Daniel Dalton/BuzzFeed/Penguin


I cannot say for sure when I first read Melissa Bank's The Girls’ Guide to Hunting and Fishing. I must have been in the very earliest of my twenties, because I know it was already dear to me by the time I graduated from university. It is, for me, a near-perfect book, one that I have pressed into the hands of several female friends and recommended on lists both solicited and not.


From its pages spill lightly scented wit and wisdom: How to be, how to see, how to cope. It is easily the most influential book of my third decade, and every time I reread it – or sections of it, at least – I am struck again by its neatness and completeness.


The idea of women writing for other women works of fiction that turn out to be manuals for life is nothing new. Although “women’s writing” is often seen as a literary ghetto (fiction is fiction, dammit), there is value in naming something for its most base characteristic. Buchi Emecheta did it, as did Virginia Woolf – and many more still will. The Girls’ Guide to Hunting and Fishing is a book by a woman, that centres on the interior life of a woman, and that, on my anecdotal evidence, has found an audience in the hearts of many women. That is not a coincidence.

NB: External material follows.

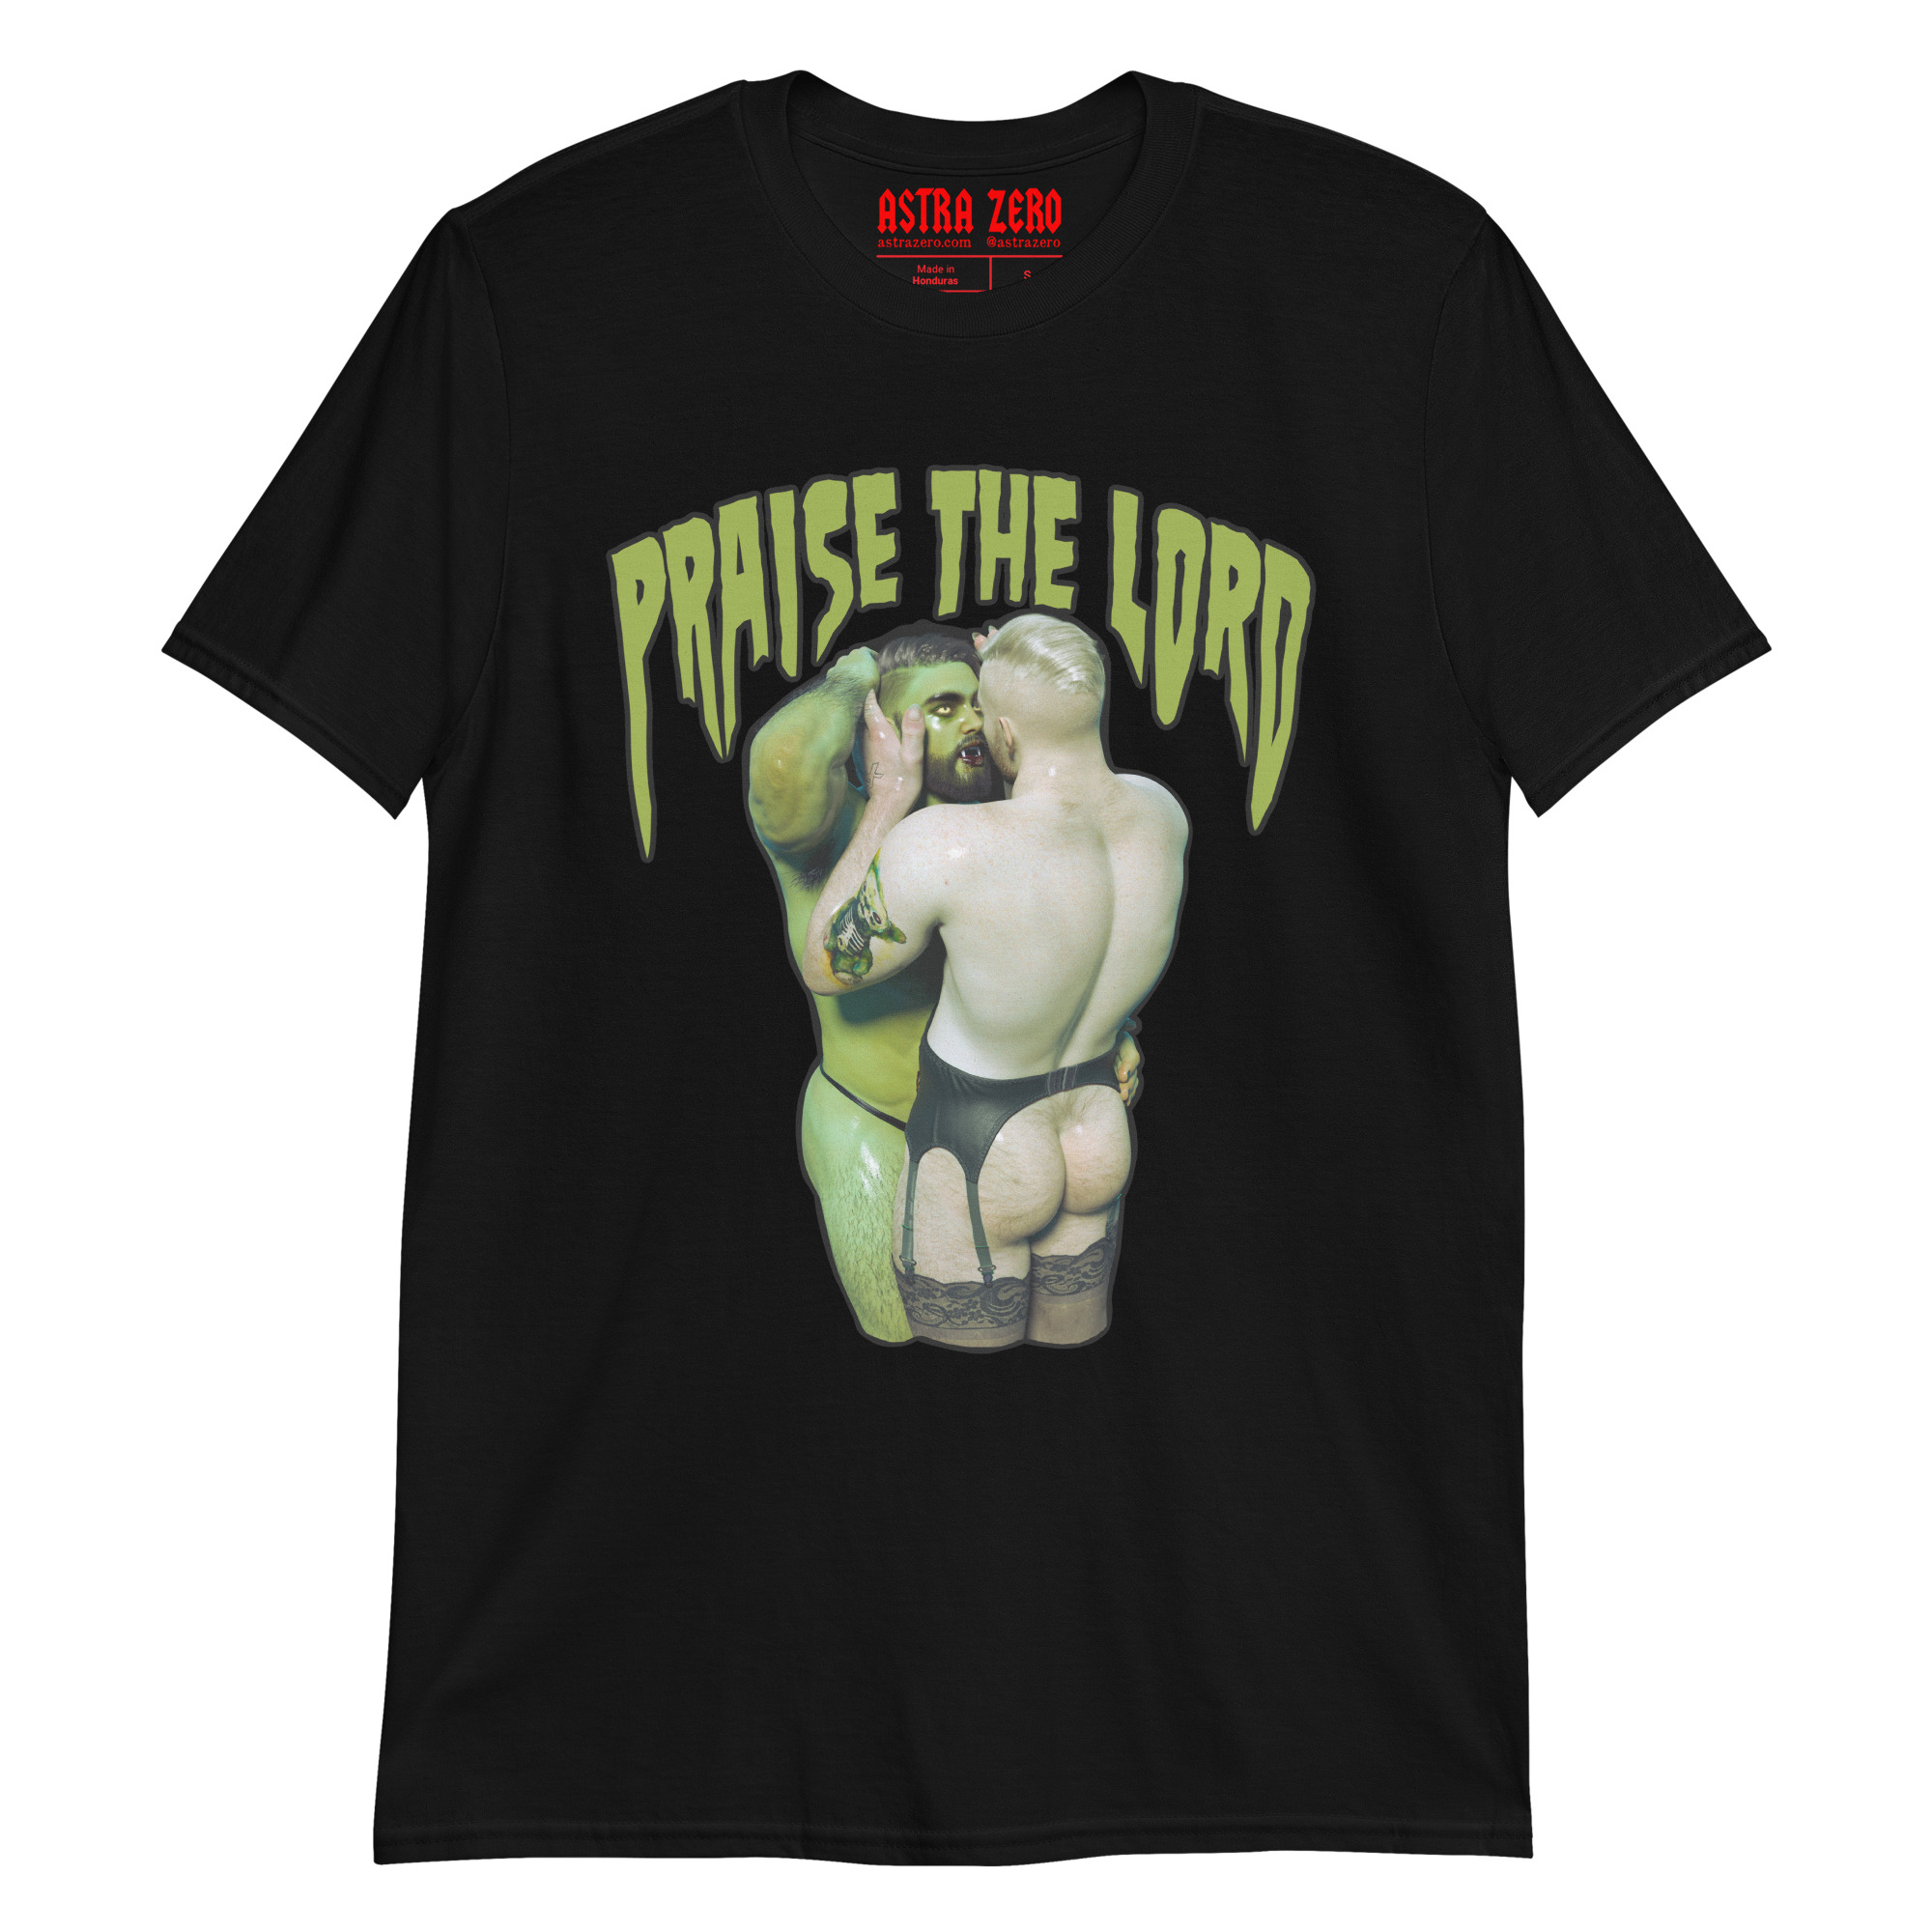 Featured image for “Praise the lord - Short-Sleeve Unisex T-Shirt”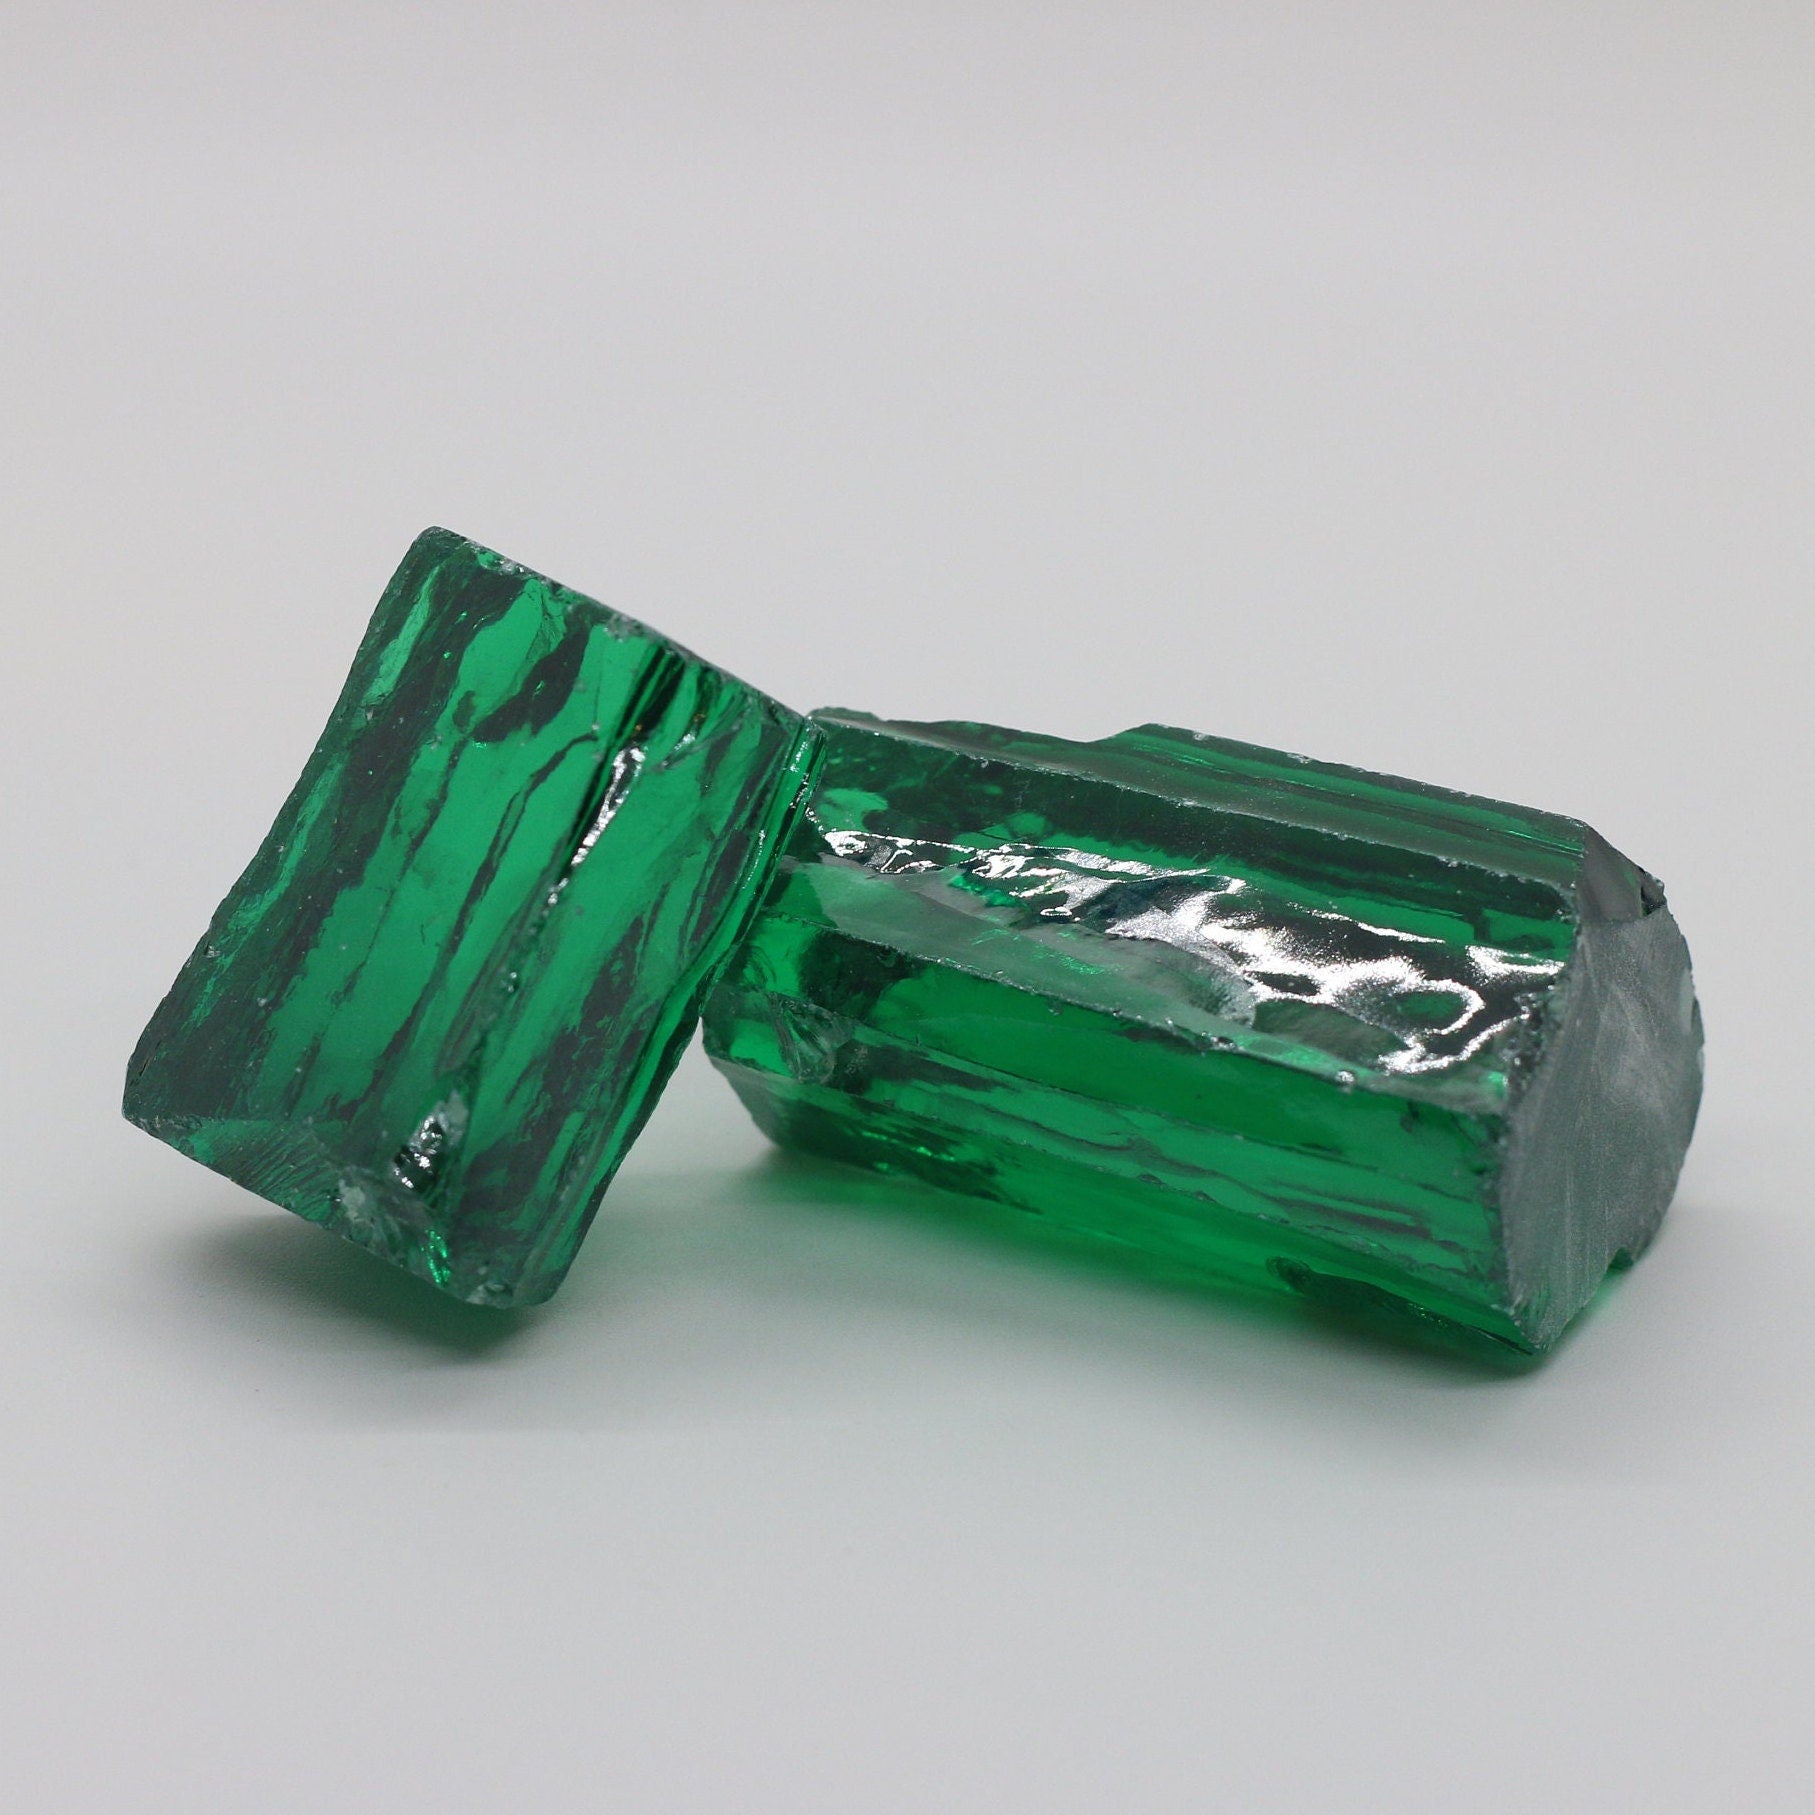 Emerald Cubic Zirconia Faceting Rough for Gem Cutting - Various Sizes

Before and after Jane, the book's protagonist, there have been other women. I read Laura Dave’s London is the Best City in America, identifying closely, in the weird middle ground between finishing university and half-heartedly going into the world of work, with her protagonist, Emmy. And I read Lauren Weisberger’s The Devil Wears Prada and Emily Giffin’s Something… books as well. The heroes of these books (interestingly they’re all white, which tells its own tale about book publishing and the assumed “universality” of the white experience) were important to me, and contributed to the eventual confidence with which I forged ahead (well, meandered) in my life. But they were not Jane.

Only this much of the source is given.